In this documentary, Varanasi’s sari weavers talk about their craft and its present state of decline

“I used to weave saris. It didn’t pay well, so I took to driving a rickshaw.”

May 05, 2018 04:16 pm | Updated 04:16 pm IST

A still from Bunkar.

A still from Bunkar.

Somewhere in the middle of Bunkar: The Last of the Varanasi Weavers , filmmaker Satyaprakash Upadhyay asks erstwhile weaver Shyam Jiyavan if he still keeps his loom. He does, he says, but at home. Does he still use it? “No, I have dismantled and stored it carefully so that it stays safe,” he says.

Another former weaver, Naeem, talks to Upadhyay while sitting in his bright red-and-green autorickshaw. He sounds disgruntled: “I used to weave saris. It didn’t pay well, so I took to driving a rickshaw.”

No longer feasible

Several more of Naeem’s kind find a voice in Upadhyay’s debut documentary, where Varanasi sari weavers talk about their craft and its present state of decline. Most of them have been forced to abandon their profession because it is no longer feasible. Activists and revivalists, who are trying to help the artisans, plead their case.

Since the film is pegged on the weavers, it is a pity that it does not delve deeper into their personal narratives. We meet them late, some 13 minutes into the lengthy and sometimes repetitive 68 minute-long film. The film rides on its breathtaking visuals, capturing the vibrancy of the art form, from the rich hues of the saris to their delicate detailing, and Varanasi’s landscape of opposites, with its teeming life and rituals of death.
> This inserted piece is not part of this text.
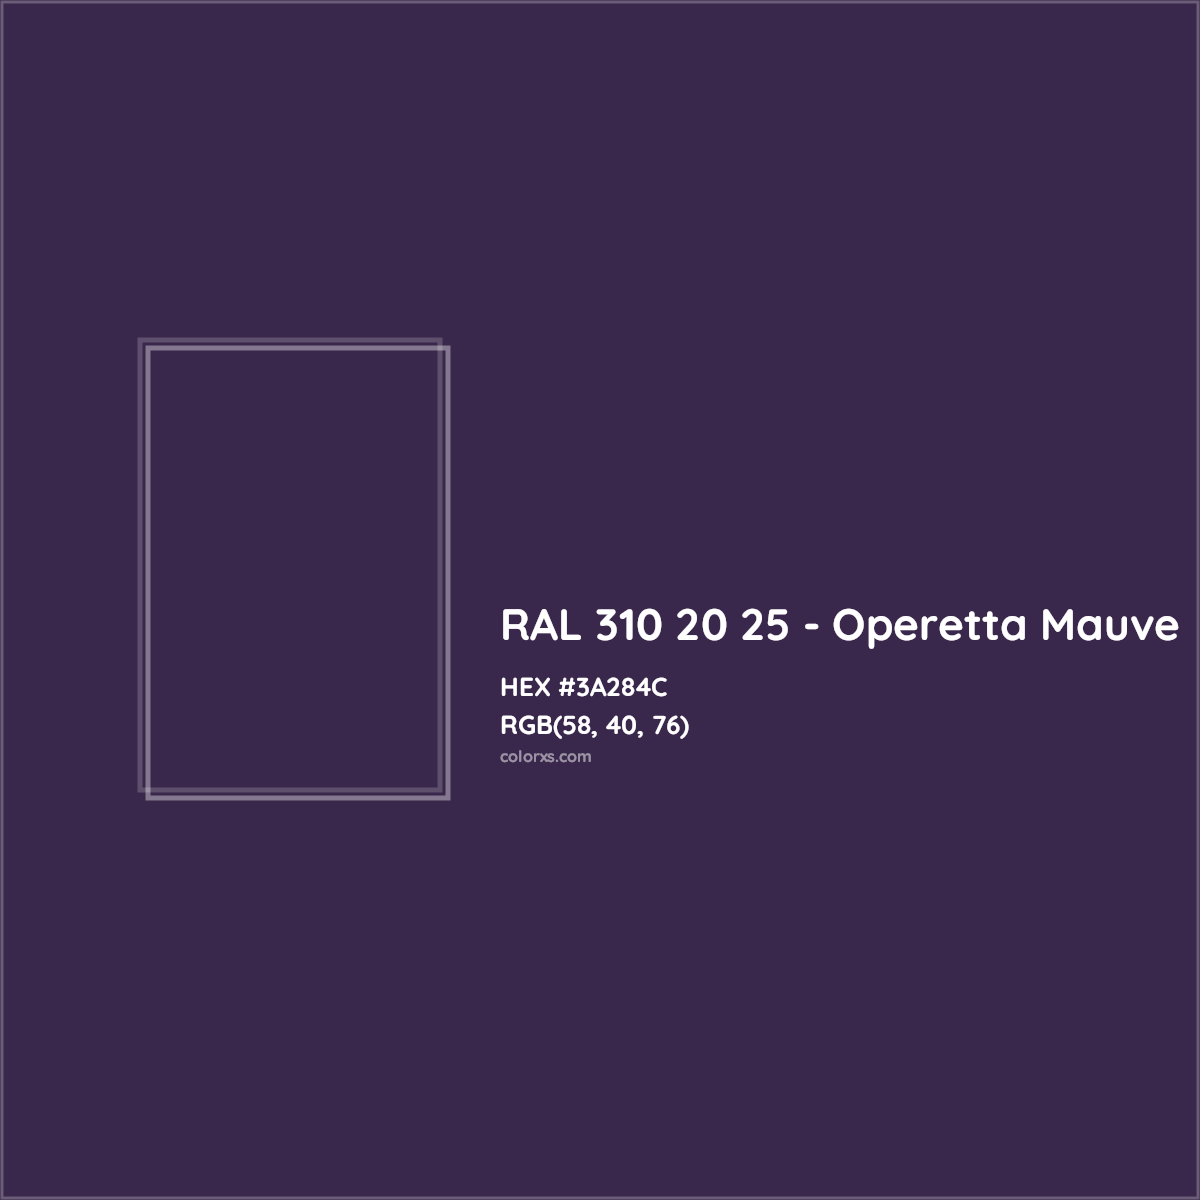 HEX #3A284C RAL 310 20 25 - Operetta Mauve CMS RAL Design - Color Code

Cinematographer Vijay Mishra’s artistry is somewhat marred by the relentless background music though.

Bunkar opens with a shot of the emerald-green Ganga and pans to Varanasi’s riverfront before it unexpectedly cuts to a CGI of the river — a voiceover that seems determined to exhaust all the metaphors related to weaving. Sample this: “I [Ganga] have watched the loom of time weave the past into the present.”

The film then segues into a sketchy history of the art form, lists the weaving styles, and then comes to the threat posed by the near-identical, mass-produced and significantly cheaper saris made on power looms. The threat has forced many craftsmen to take up other professions.

“I can’t blame one department or a particular association [for the decline], for the problem is vast,” says Upadhyay. “My aim is rather to inform people,” he adds.

And so the tone of his film remains equivocal and non-committal to the point that at times it contradicts itself. It does manage to make interesting juxtapositions — but that may have been accidental.

Disparities

Take, for instance, the documentary’s discussion on the government’s efforts to protect and preserve the art form by giving it a GI tag and a Handloom Mark. A weaver concedes that such initiatives have given a boost to his business. This is followed by a former weaver saying that only a handful of craftsmen who were awarded the government certification could benefit from it, and that the effort is hardly enough to combat the steady and overwhelming influx of power-loom products. The documentary does not dwell on this disparity.

Upadhyay’s film is an important discussion on the lives of the Varanasi sari weavers but its voice flounders. At the same time, it achieves more by way of solutions than similar documentaries, which do no more than simply acknowledge that a problem exists.

The Mumbai-based freelance journalist is obsessed with cinema and gender rights.